Preface#
I have been mentoring undergraduate research projects in data science since 2018, with a focus on stock data. Working with stock data offers several advantages, including easy access to datasets through the Yahoo Finance API and a straightforward understanding of basic terminology, as it aligns closely with real-world knowledge.
The purpose of this book is to provide research projects for undergraduate students. It includes various projects, each with multiple research questions. These projects are inspired by the “future work” sections of published research articles.
Each project is based on a published paper, starting with replicating the original work as closely as possible. Then, each research question focuses on improving a specific aspect of the original study.

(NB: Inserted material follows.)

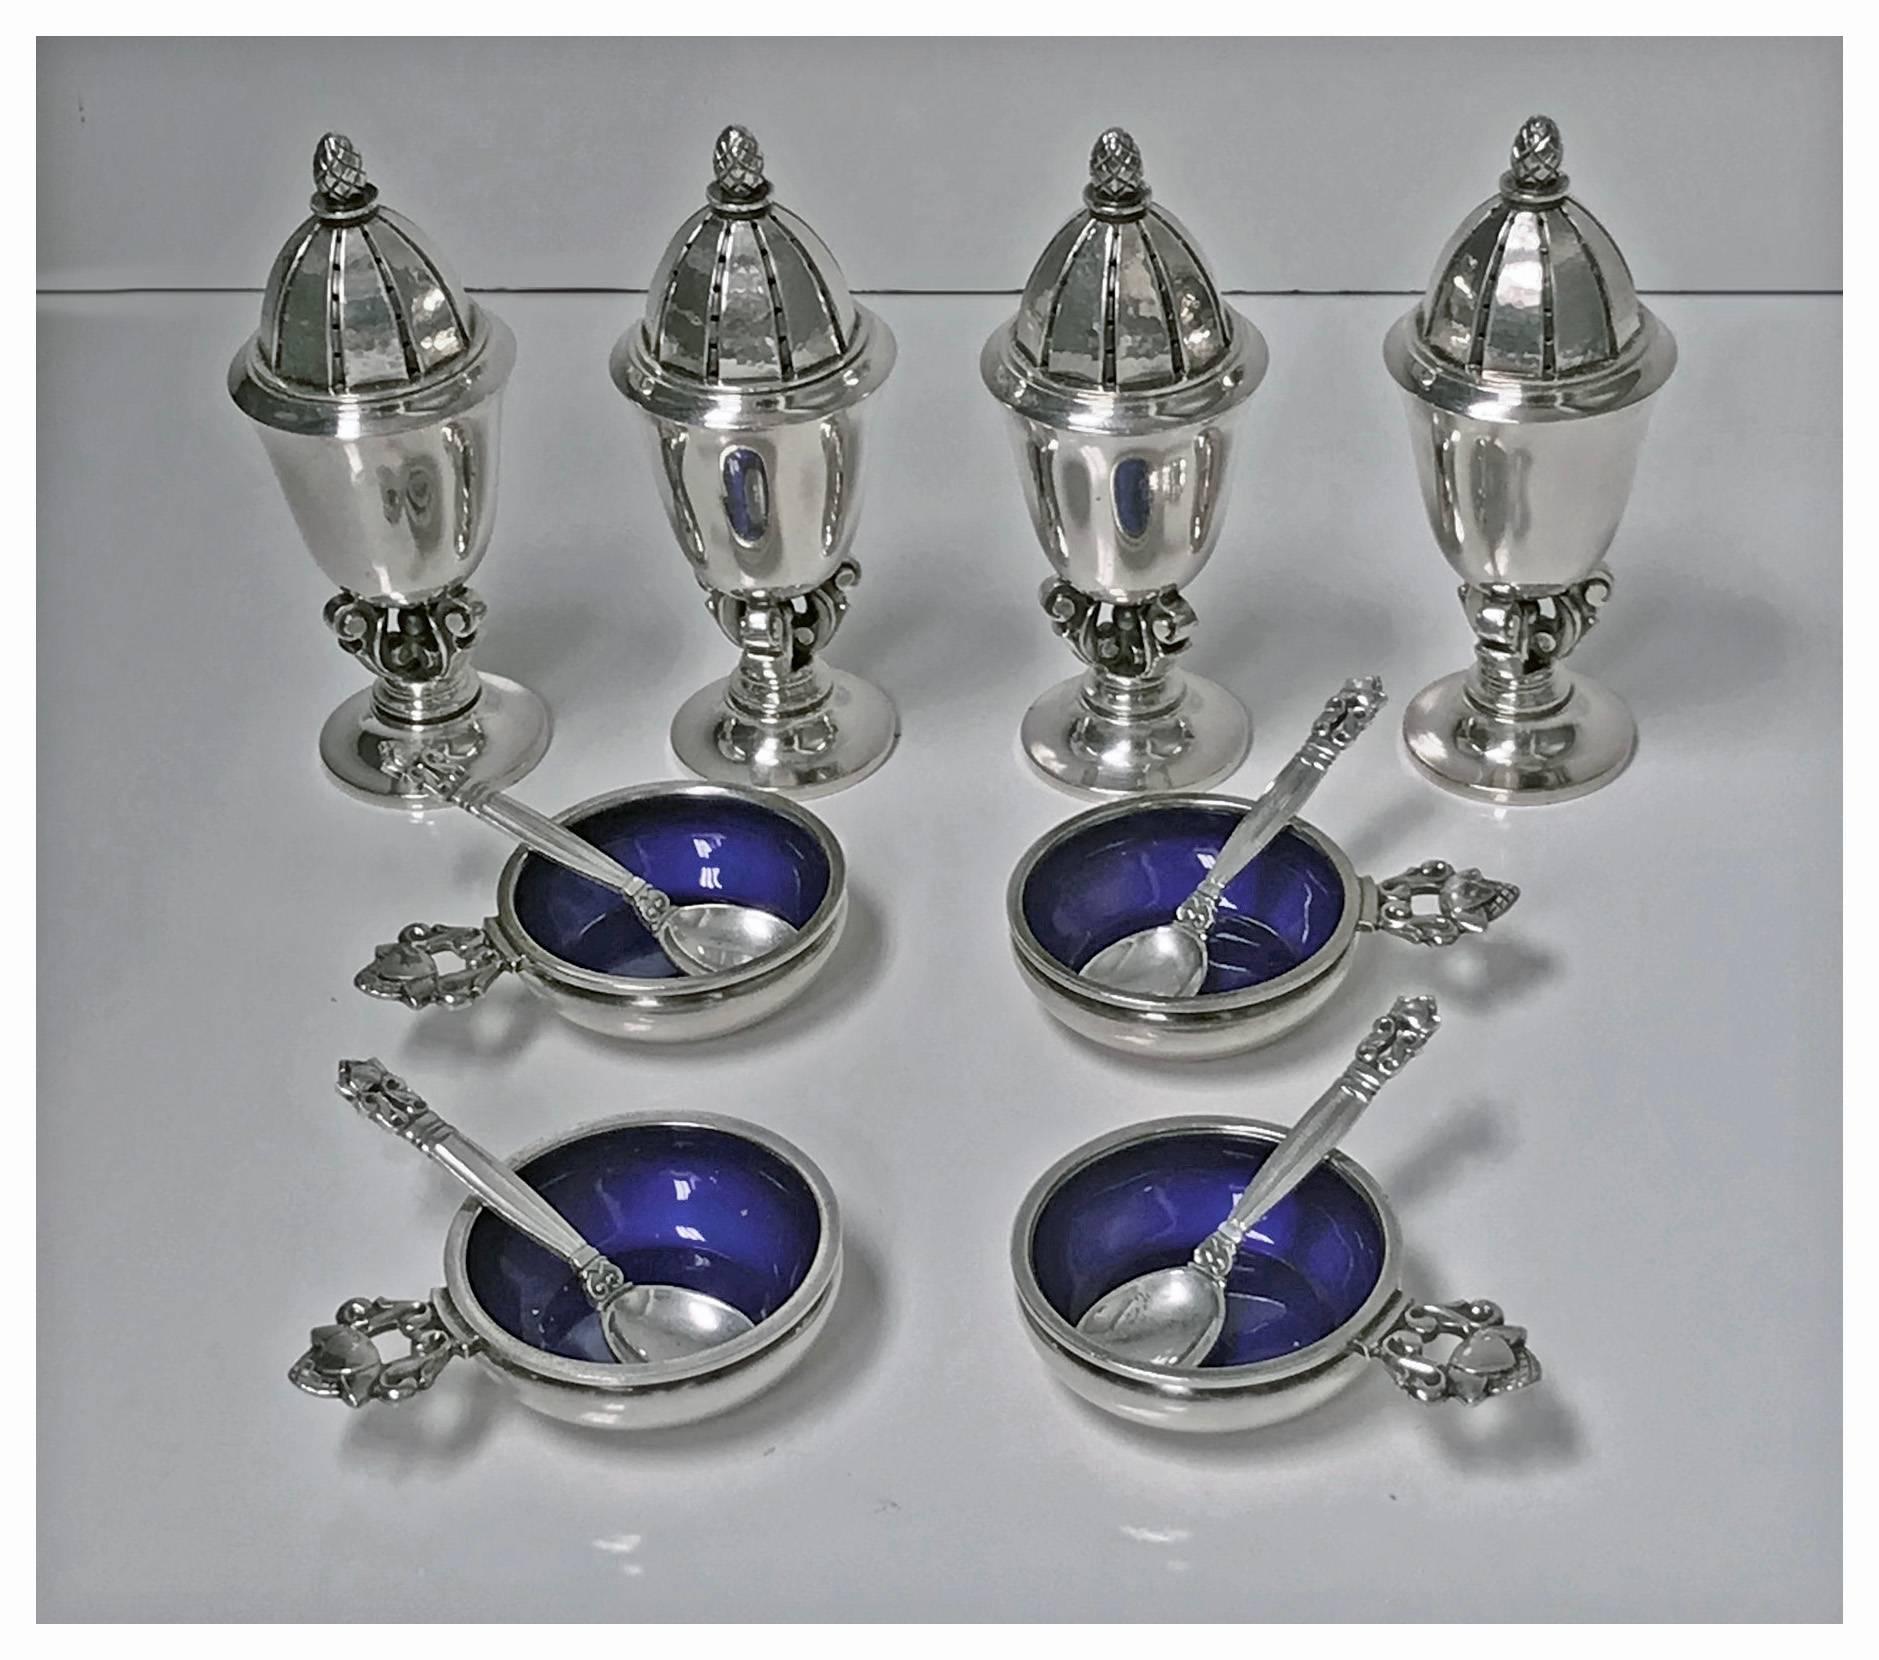 Four sets of Georg Jensen sterling salt dishes, pepper shakers and spoons, post-1945, no. 741, designed by Johan Rohde, acorn pattern. The casters urn form, with pineapple finials, vertically reeded lids, on trefoil openwork scroll base and small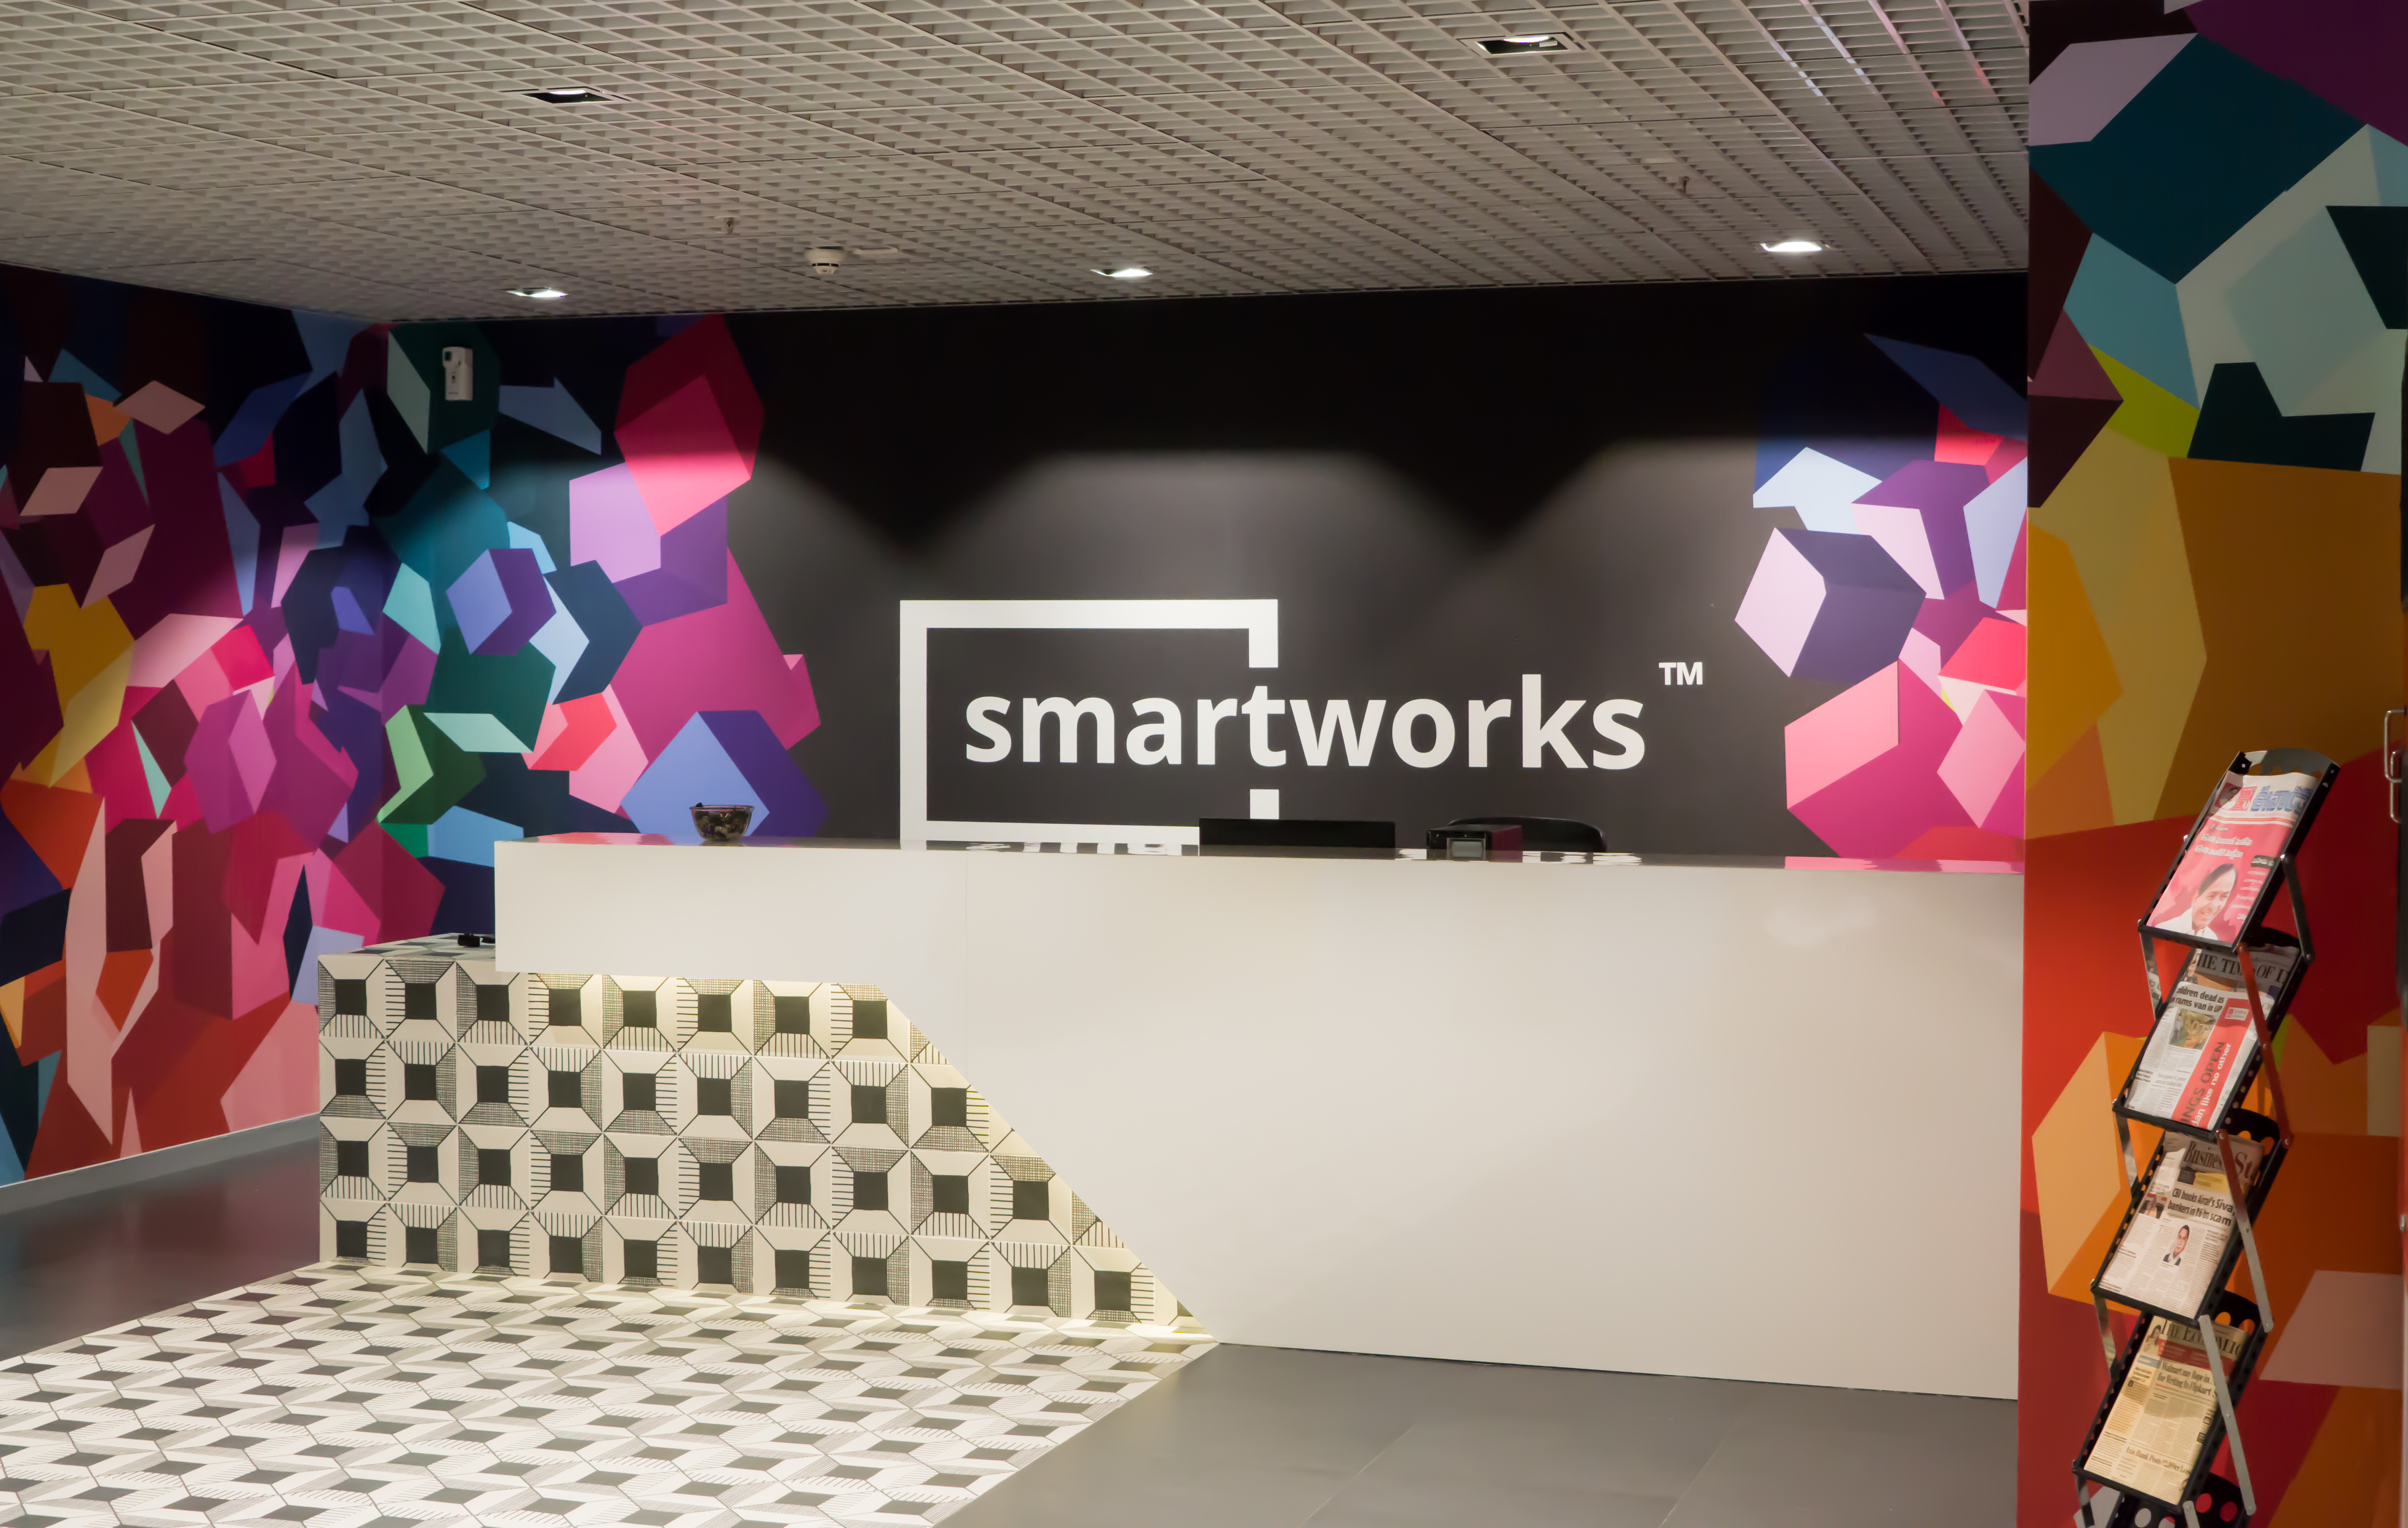 Smartworks, Shared office spaces, Co working spaces, Office space trends, India real estate news, Indian realty news, Real estate news India, Indian property market news, Investment in office spaces, Track2Realty

Sticking to a published article offers several benefits:
It provides students with clear examples of the structure, steps, and components of a research project.
Revisiting the article multiple times throughout the project helps students gain a deeper understanding of the subject.
Future work recommendations in the article suggest potential research questions for further exploration.
The reference section offers a well-organized list of relevant sources, with explanations often found in the Introduction and Literature Review sections.
For any unclear aspects, students can reach out to the authors for clarification.
The code examples in this book are written in Python but can be adapted to other programming languages. The projects are suitable for programming courses in Computer Science, Engineering, or Business departments.
Yusuf Danisman, the author, is a faculty member in the Mathematics and Computer Science Department at Queensborough Community College, CUNY. He obtained his PhD in Mathematics from The Ohio State University and worked at the University of Oklahoma before joining CUNY. He teaches Mathematics, Statistics, Computer Science, and Data Science courses. Dr. Danisman is currently researching Financial Machine Learning and Geometric Deep Learning. He is also a steering committee member of the Northeast Big Data Innovation Hub.